Filling the water tank - a bit of a different story from the motorhome and a hugely different story from filling the tank on the boat ...

Both Ian and David have had prostatectomies. David noticed that the 3 letters of the number plate spelled out the acronym for something that neither of them need again - digital rectal examinations ...

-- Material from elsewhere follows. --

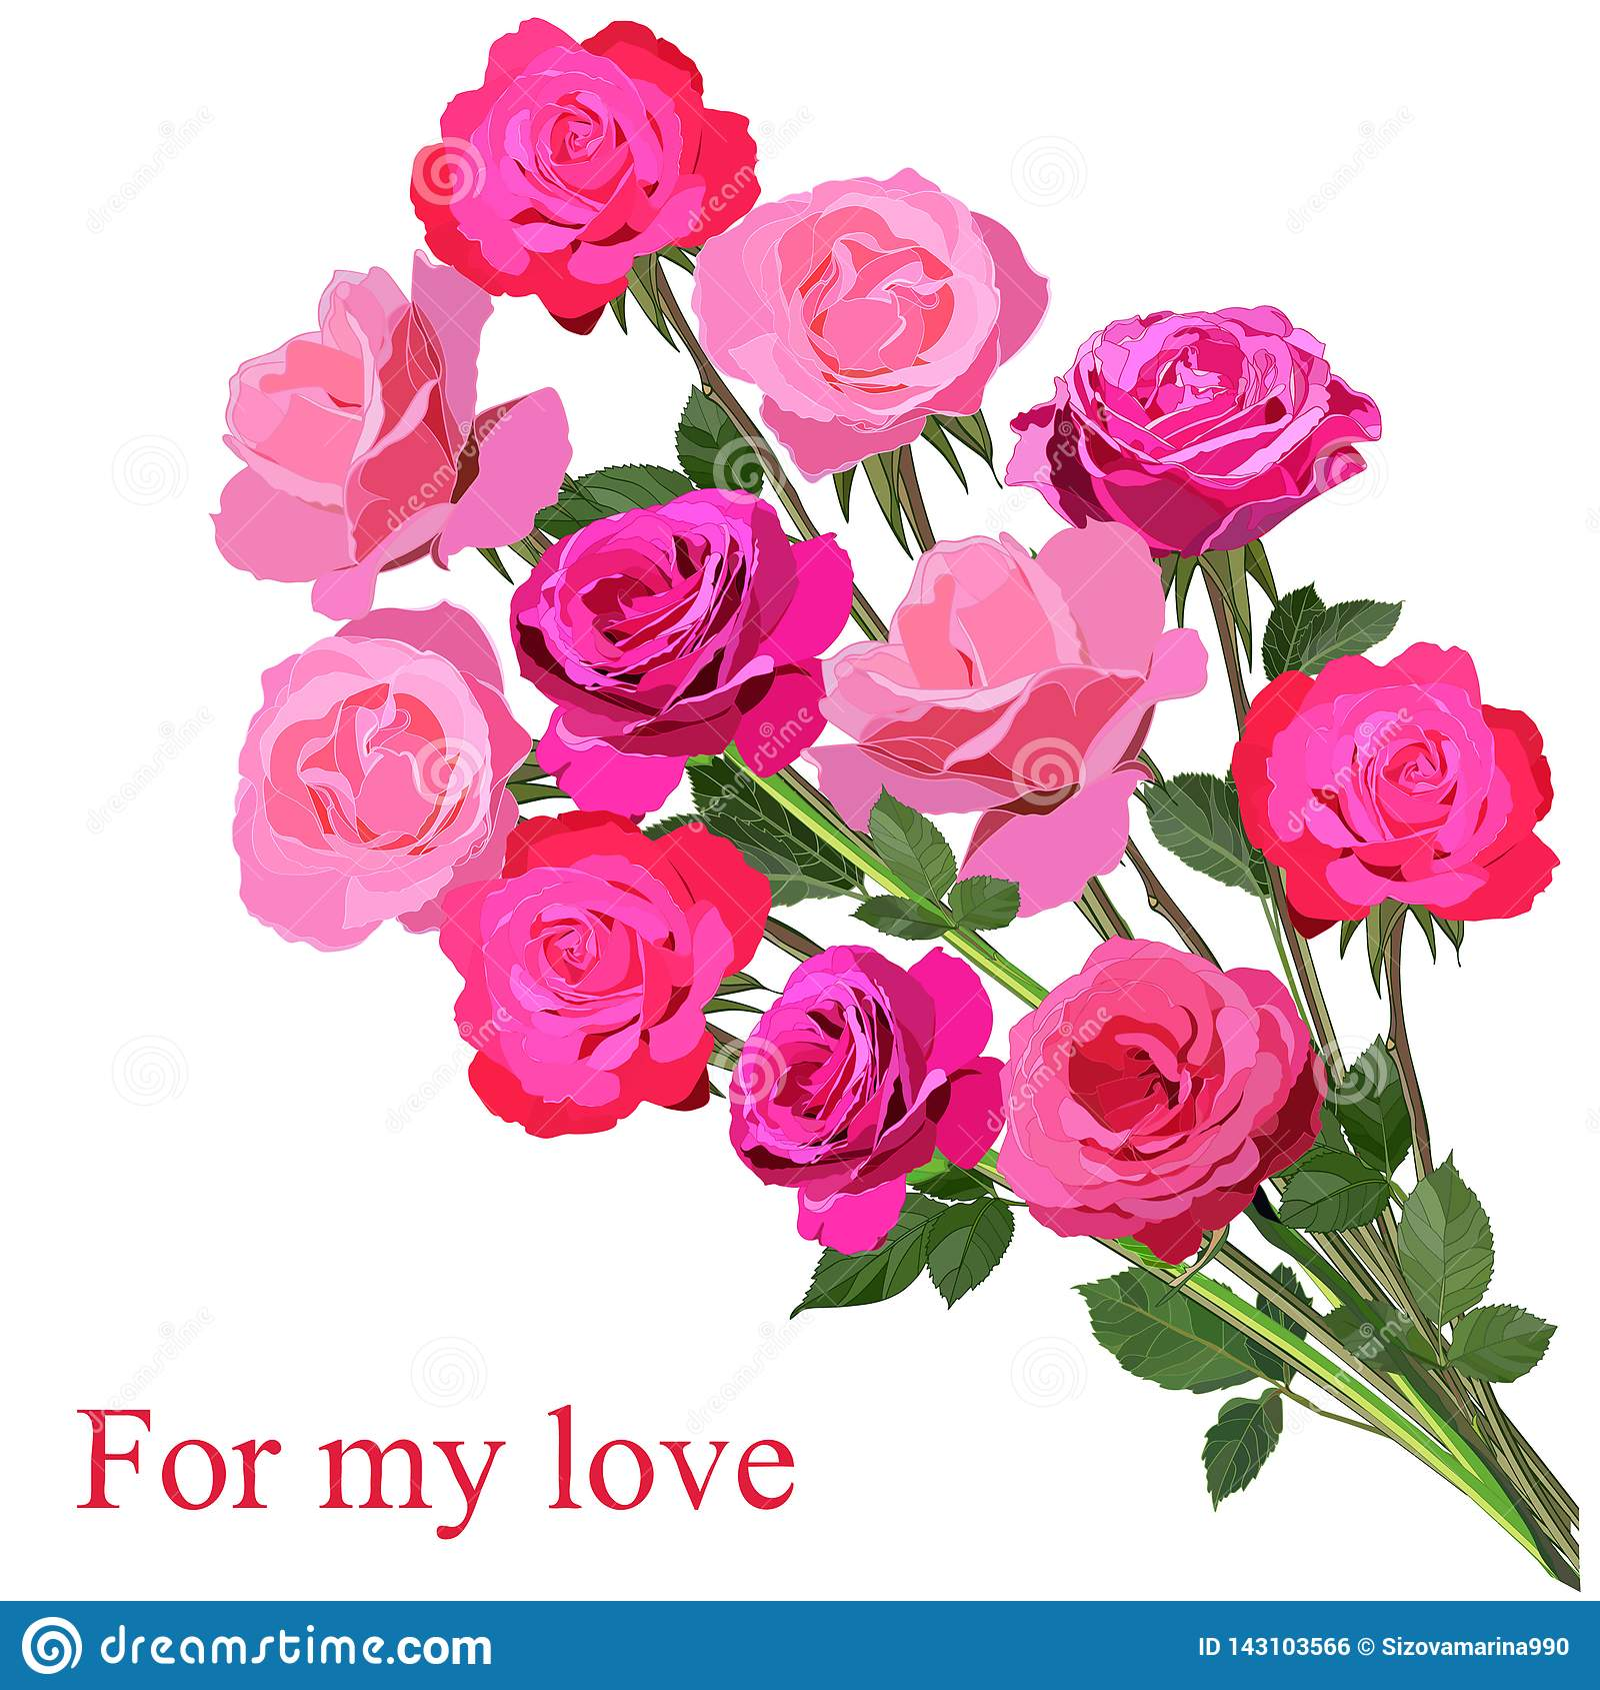 Stor bukett av ljusa rosa rosor som isoleras på vit bakgrund

Here she is, (see - no socks) all ready to depart on their adventures: 5 months of wandering around wherever the fancy takes them. And judging by some of our conversations, they are keen to do more silly stuff, like swing bridges and fly by wire and walking around the outside of the Skytower attached to the railing by a flimsy carabiner and wire.

We sent them away with 

  • a loaf of sourdough, 
  • a couple of small bags of pasta and one of rice, 
  • a rice salad for tonight's dinner (that Irene made from last night's leftover rice) 
  • a wodge of chorizo
  • several small bags of fresh herbs (parsley, mint, thyme, and lime leaves) and 
  • spices from the pantry
  • a couple of lists of places we thought they would enjoy seeing or activities we thought they'd enjoy, and
  • strict instructions that if they are aiming for Tongaporutu they need to get in touch so we have time to join them there.